Often the Unicode documentation tell you of such possibilities, and the special code points which could change behaviour, but then it is task of the font to fullfil the expected behaviour (and to find good glyphs).
So: character (as unicode code point) is not one to one to a design (glyphs).

Related

The list of unicode unusual characters

Where can I get the complete list of all unicode characters that doesn't behave as simple characters. Examples: character 0x0363 (won't be printed without another one before), character 0x0084 (does weird things when printed). I need just a raw list of such unusual characters to replace them with something harmless to avoid unwanted output effects. Regular characters (those who not in this list) should use exactly one character place when printed (= cursor moved +1 to the right), should not depend on previous or next characters, and should not affect printing style in any way.
Edit because of multiple comments:
I have some unicode string, usually consists of "usual" characters like 0x20-0x7E or cyrillic letters. Also, there are a lot of other unicode characters that are usual and may be safely assumed as having strlen() = 1. The string is printed on the terminal and I should know the resulting position of the cursor. I don't want to use some complex and non-stable libraries to do that, i want to have simplest possible logic to do that. Every problematic character may be replaced with U+0xFFFD or something like "<U+0363>" (ASCII string with its index instead of character itself). I want to have a list of "possibly-problematic" characters to replace. It is acceptable to have some non-problematic characters in this list too, but not much.

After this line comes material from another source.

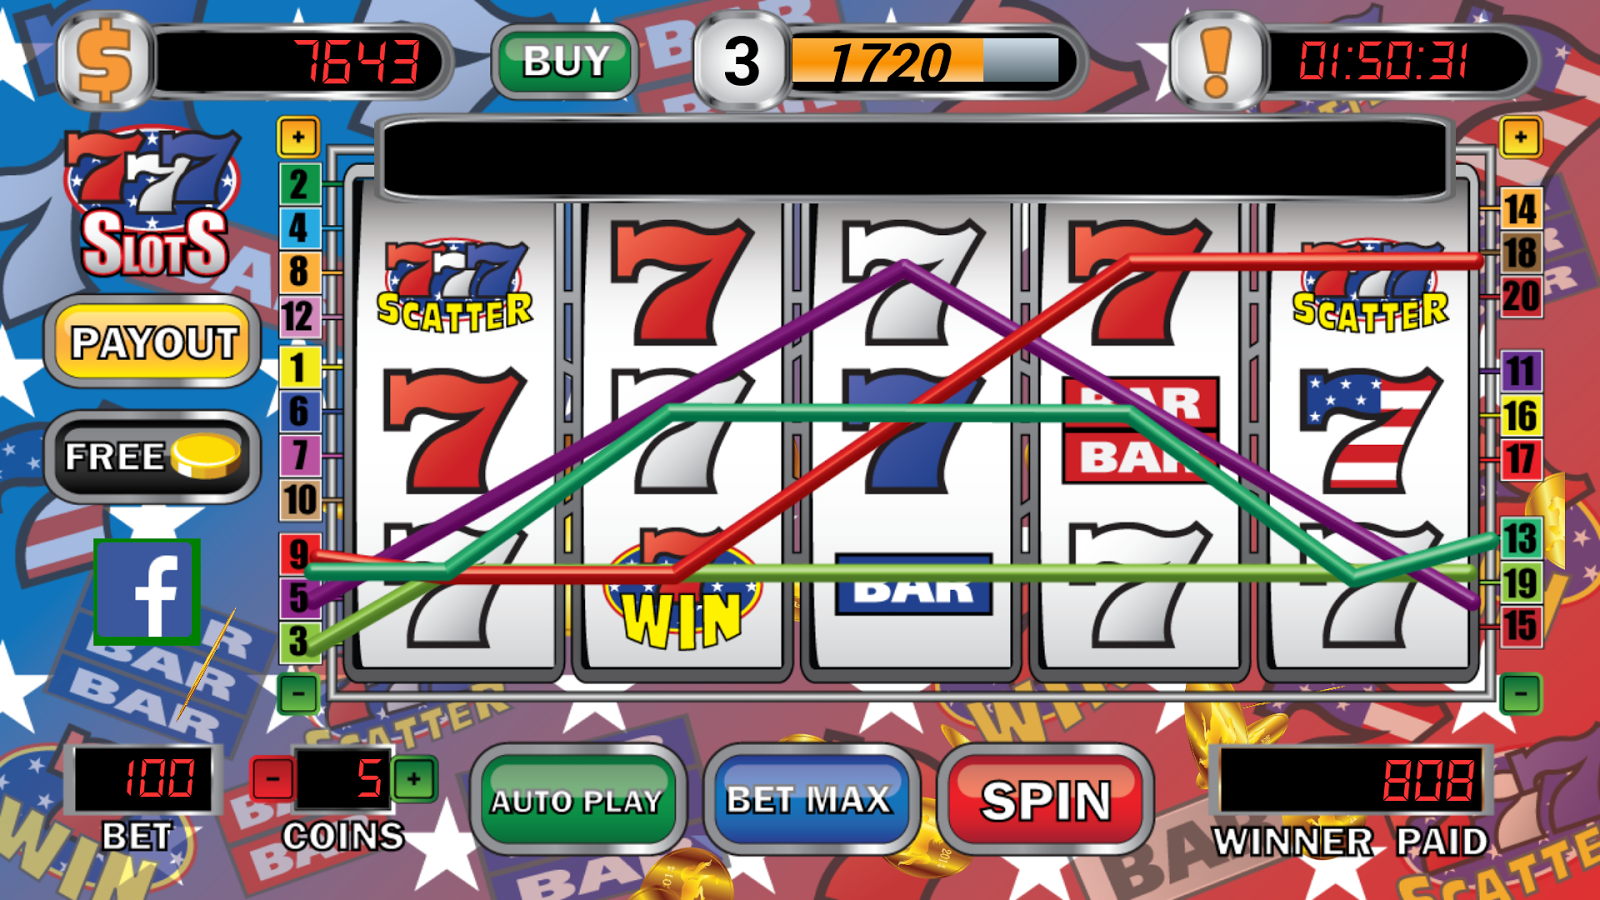 WMG Slot Machines - Play Free WMG Slot Games Online

There is no simple algorithm for this. You'll likely need a complex, but extremely stable library: libicu, or something based on it. Basically every other library that does this kind of work is based on libicu, which is maintained by the Unicode organization.
If you don't want to use the official library (or something based on their library), you'll need to parse the Unicode Character Database yourself. In particular, you need to look at Character Properties, and parse the files in the UCD.
I believe you're asking for Bidi_Class (i.e. "direction") to be Left_To_Right, Canonical_Combining_Class to be Not_Reordered, and Joining_Type to be Non_Joining.
You probably also want to check the General_Category and avoid M* (Marks) and C* (Other).
This should work for some Emoji, but this whole approach will break a lot of emoji that look simple and are not. Most famously: ❤️, which is two "characters," not one. You may want to filter out Emoji. As a simple starting point, you may want to restrict yourself to the Basic Multilingual Plane (BMP), which are code points 0000-FFFF. Anything above this range is, almost by definition, rare or unusual. The BMP does include some emoji, but most emoji (and all new emoji) are outside the range.
Remember that the glyphs for single characters can still have radically different widths, even in nominally fixed-width fonts. For example, 𒈙 (U+12219 CUNEIFORM SIGN LUGAL OPPOSING LUGAL) is a completely "normal" character in the way you're describing. It is left-to-right. It doesn't depend on or influence characters around it (it's non-combining and non-joining). Its "length in characters" is 1. Its glyph is also extremely wide in most fonts and breaks a lot of layout. I don't know anything in the Unicode database that would warn you of this, since "glyph width" is entirely a function of fonts, not characters, and Unicode explicitly does not consider fonts. (That said, most of the most problematic characters are outside the BMP. Probably the most common exception is Ǆ, but many fixed-width fonts have a narrow glyph for it: Ǆ.)
Let's write some cuneiform in a fixed-width font.
Normally, every character should line up with a character above.
Here: 𒈙. See how these characters don't align correctly?
Not only is it a very wide glyph, but its width is not even a multiple.
At least not in my font (Mac Safari 15.0).
But Ǆ is ok.
Also remember that there are multiple ways to encode the same "character." For example, é can be a "simple" character (U+00E9), or it can be two characters (U+0065, U+0301). So in some cases é may print in your scheme, and in others it won't. I suspect this is fine for your problem, but if it isn't, you're going to need to apply a normalization form (likely NFC).

Unit Separator "us"

I've seen the unit separator represented as different symbols (I've provided links to each one). What's the difference between each one? I'm working on a project and the only symbol that works is the "us" symbol.
Unit Separator Symbol #1:
Unit Separator Symbol #2:
Unit Separator Symbol #3:

Unit separator is one of the many ASCII control codes, so done for very old times. You see that you can use FS, GS, RS, and US, to split data (e.g. on a serial console).
Such control characters are interpreted as control character in Unicode (so in modern world), so without a real symbol.
And then things may get complex. Text processor, shaping engines and/or fonts may interpret control characters differently: either just as control, and so possibly ignoring them, if they do not have semantic for such control, or trying to display it. One common form it is to use U+241F (SYMBOL FOR UNIT SEPARATOR), in the Unicode block Control Pictures (U+2400 – U+243F), which includes symbols for all ASCII control codes. Note: fonts display it differently, some fonts as a boxed text with an abbreviation, some fonts as small letters in diagonal.
Note old fonts (with 256 symbols) used control character for extra symbols, see e.g. the default DOS code page: https://en.wikipedia.org/wiki/Code_page_437, where you see your symbol: the black triangle. ("Black" in font means filled, so not just the sides/contour). Note: there were also special methods on how to print them (instead of interpreting them as control characters), and different systems used different symbols on control codes.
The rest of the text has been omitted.